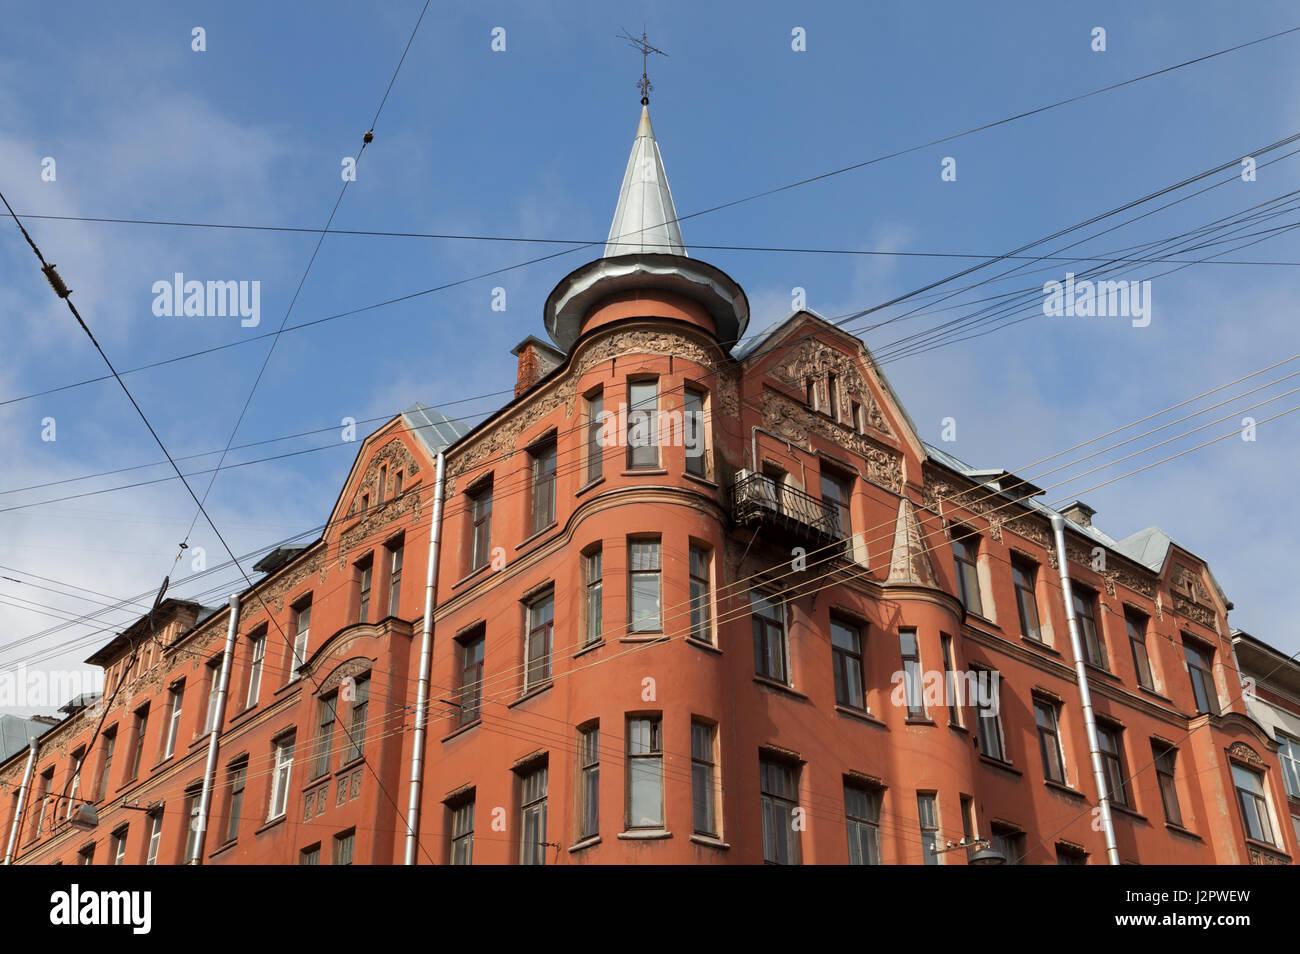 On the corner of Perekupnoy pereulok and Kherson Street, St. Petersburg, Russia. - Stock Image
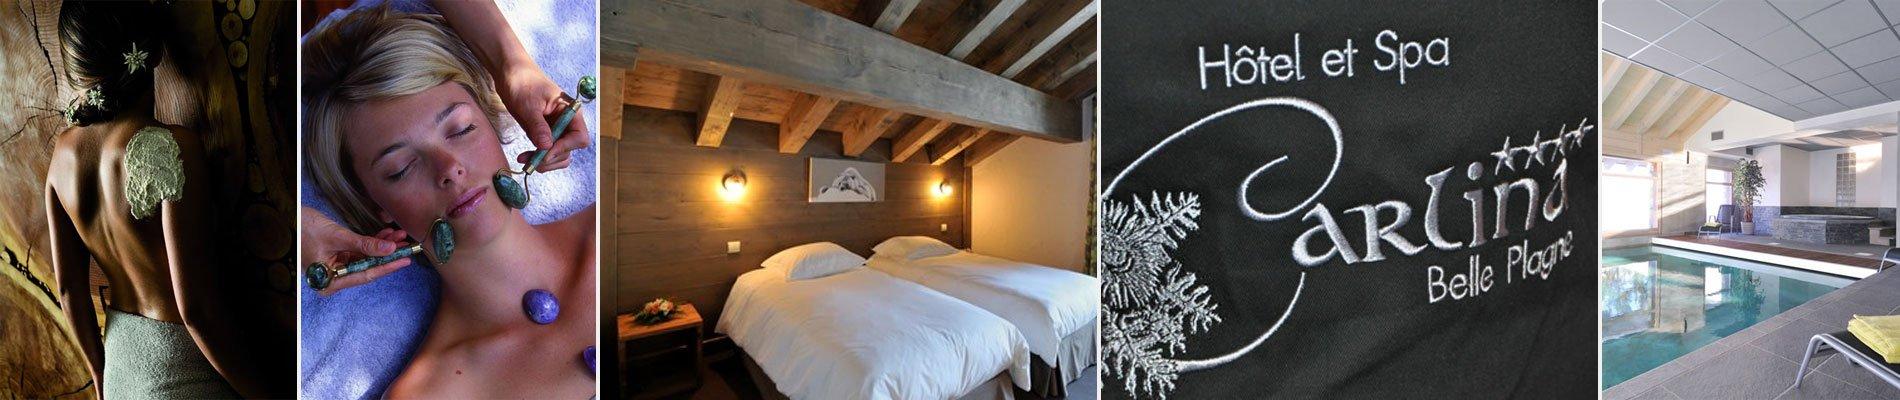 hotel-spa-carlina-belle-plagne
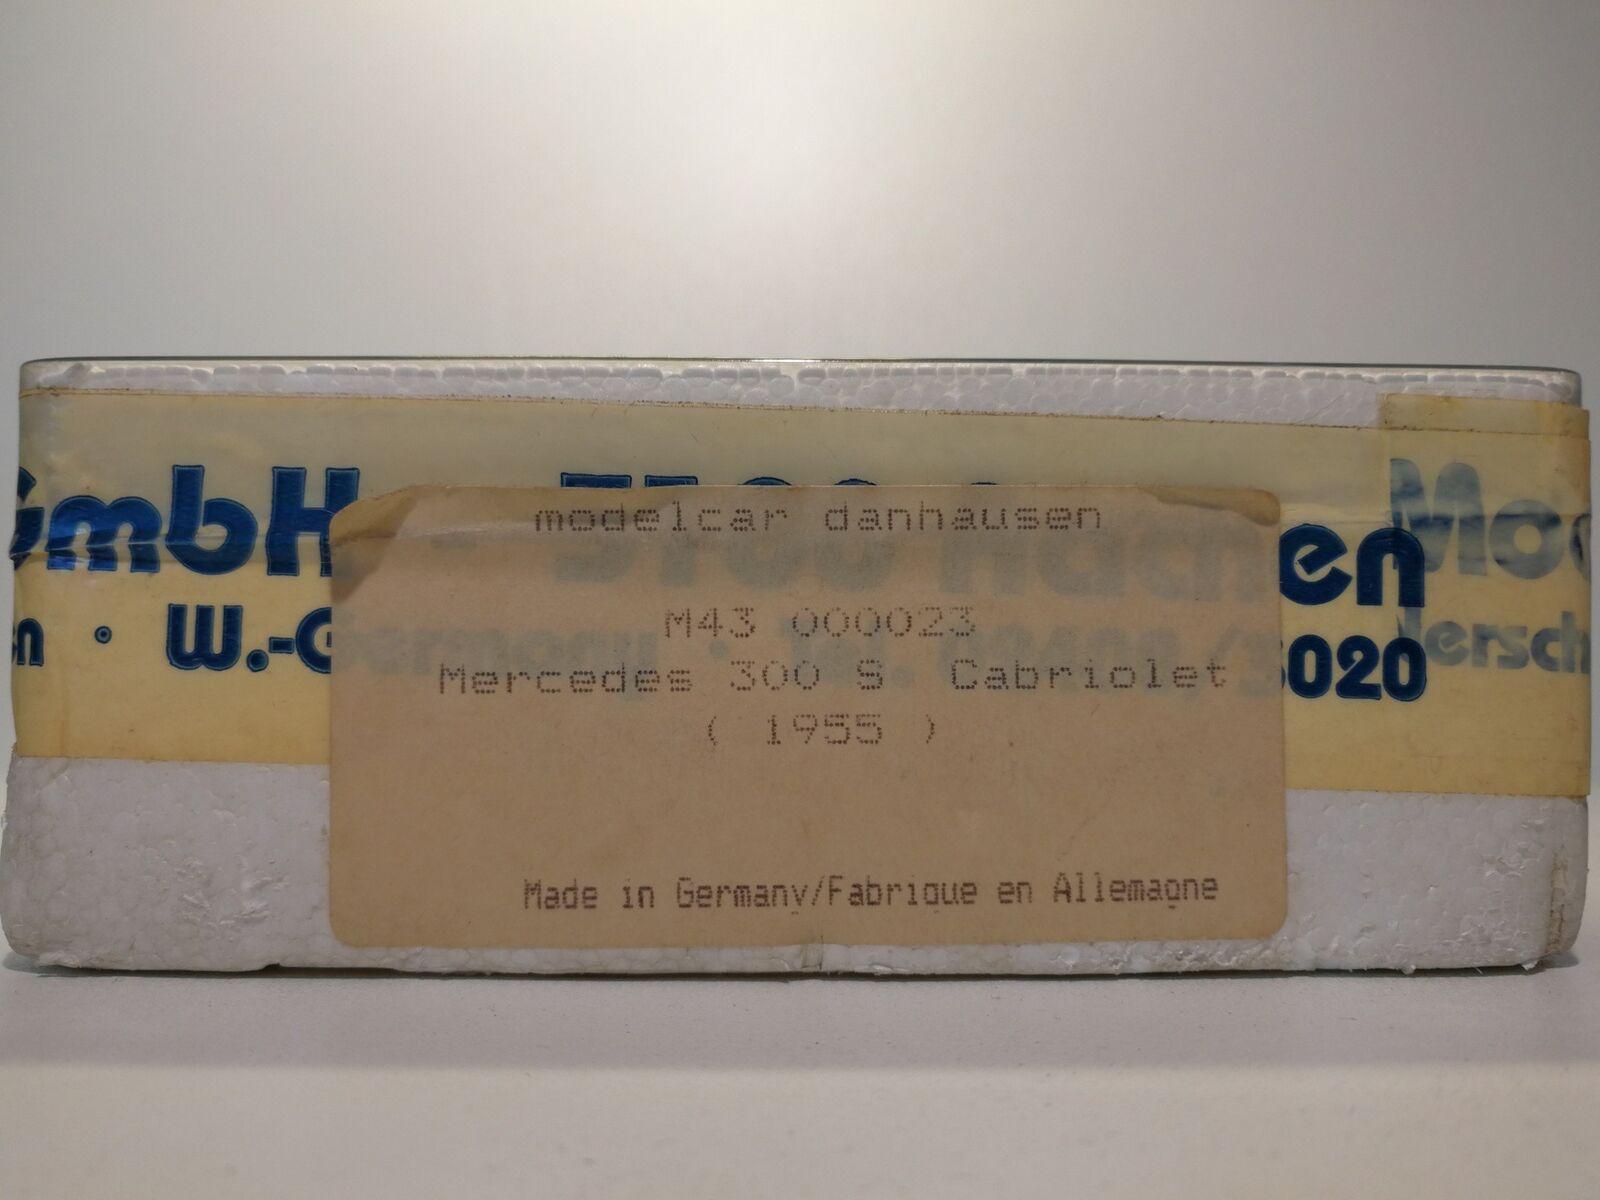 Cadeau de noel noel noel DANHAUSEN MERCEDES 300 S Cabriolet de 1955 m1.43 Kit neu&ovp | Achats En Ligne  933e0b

ABOUT THIS TASK: Give back the material above exactly as it appears, minus the pictures.

COMPLETED EXERCISE:
 On the corner of Perekupnoy pereulok and Kherson Street, St. Petersburg, Russia. - Stock Image
 hotel-spa-carlina-belle-plagne
 Cadeau de noel noel noel DANHAUSEN MERCEDES 300 S Cabriolet de 1955 m1.43 Kit neu&ovp | Achats En Ligne  933e0b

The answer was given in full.